(Collected data Opens)
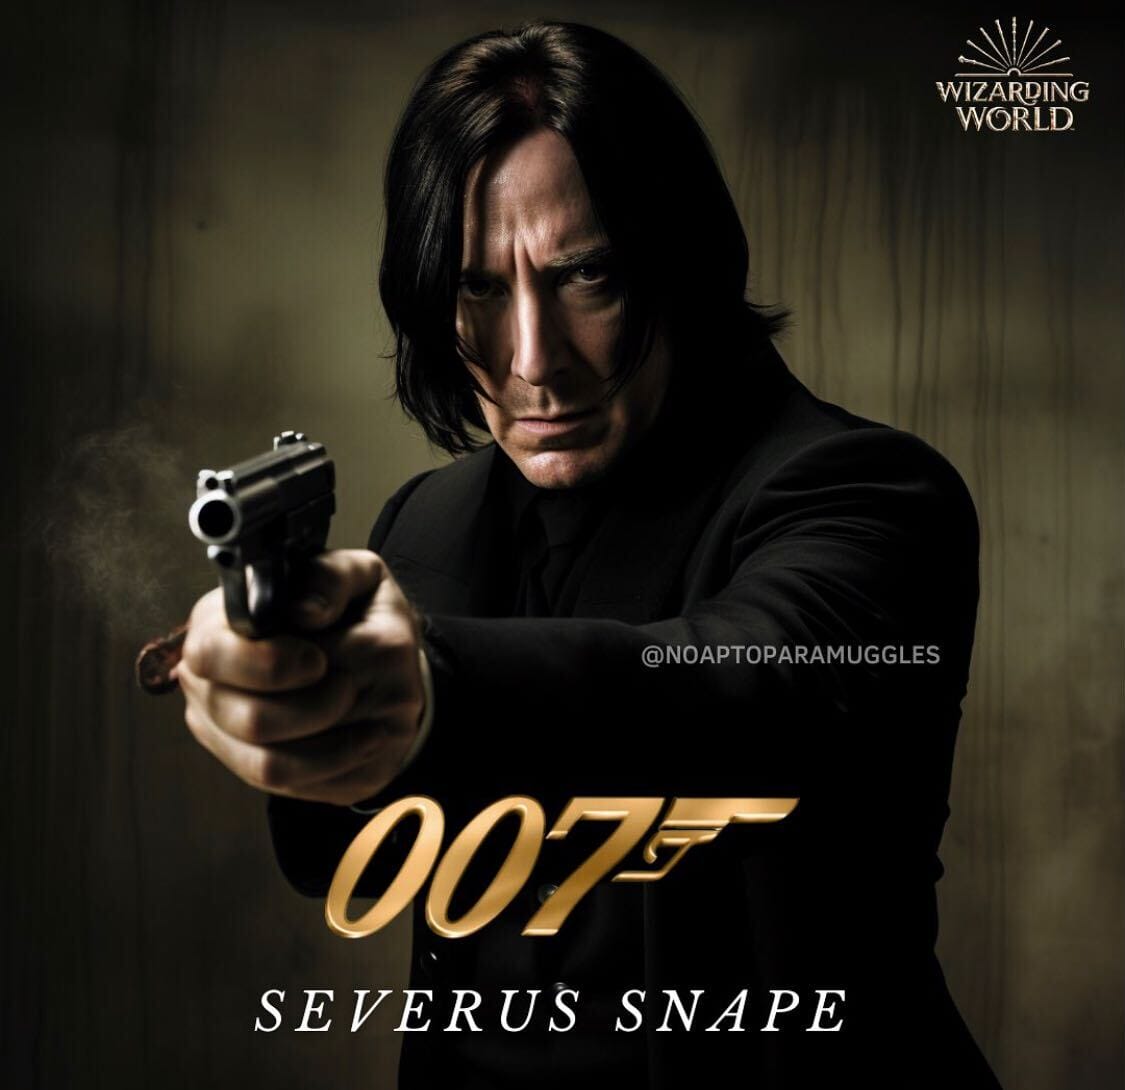 Severus Snape 007
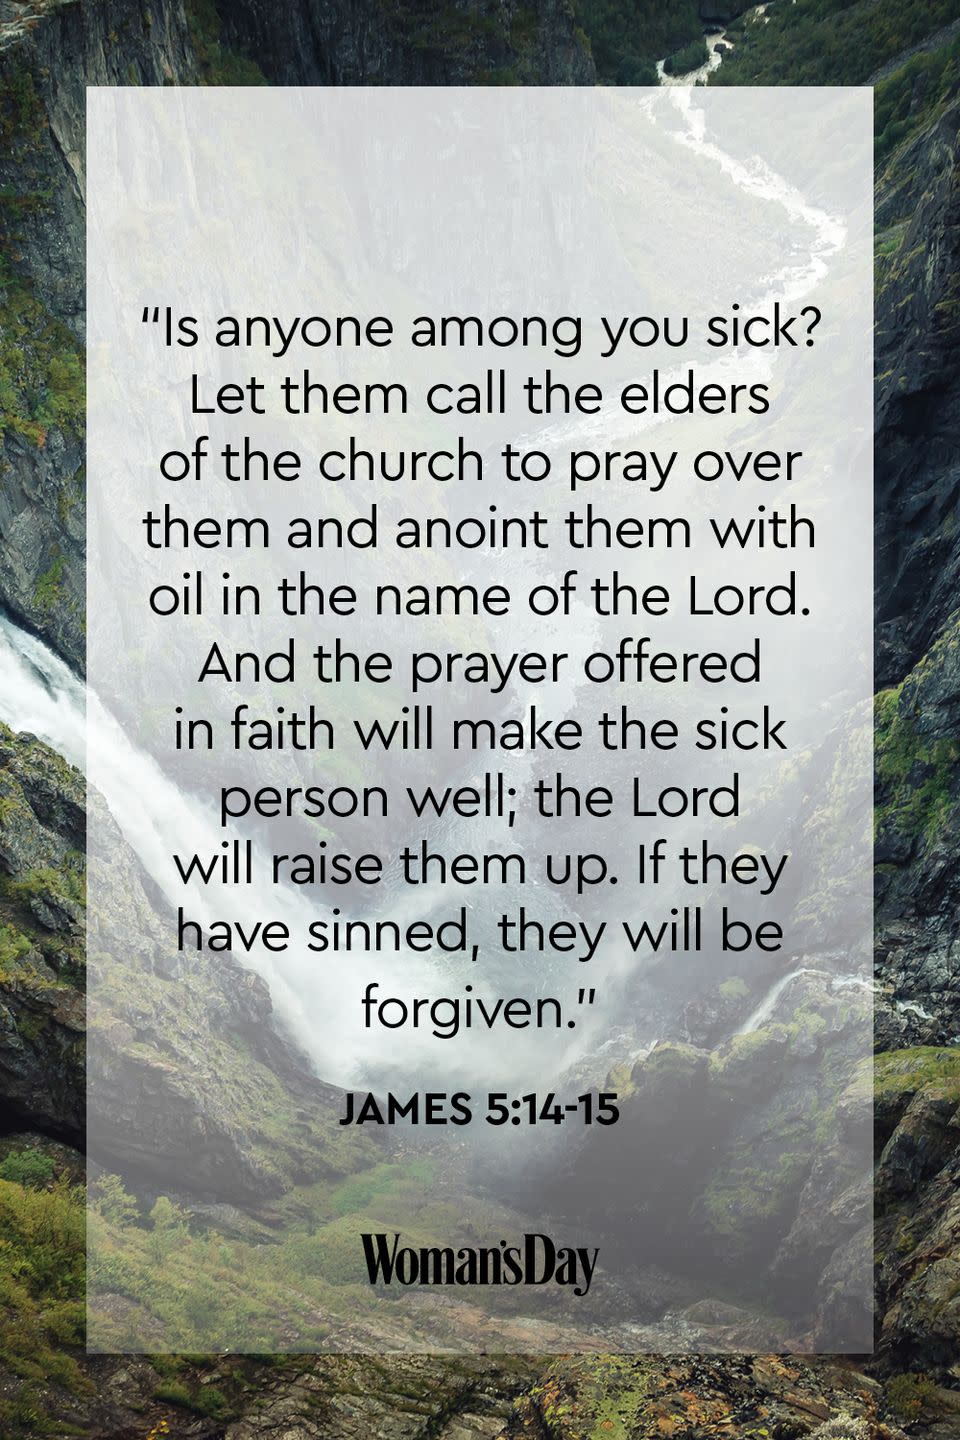 James 5:14-15
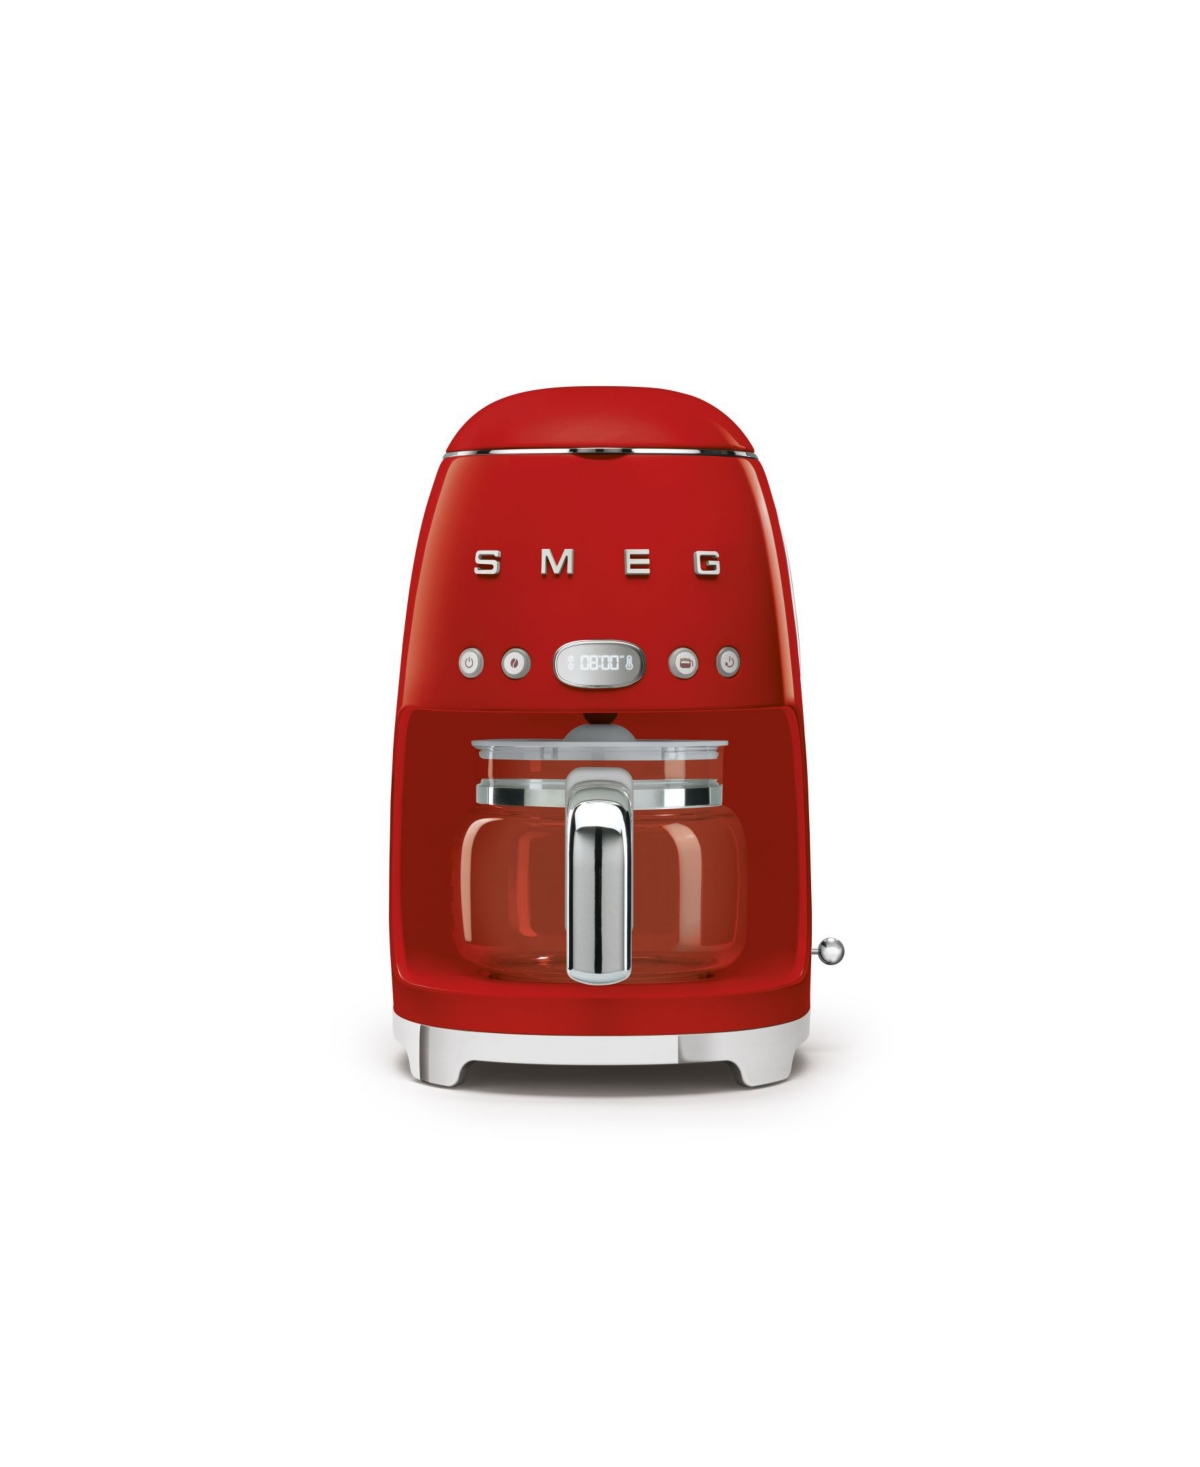 Smeg Drip Filter Coffee Machine In Red
(Collected data Closes)
== Task to carry out ==
Write out the material above precisely, leaving each picture behind.

== Answer to this task ==
 Severus Snape 007
 James 5:14-15
 Smeg Drip Filter Coffee Machine In Red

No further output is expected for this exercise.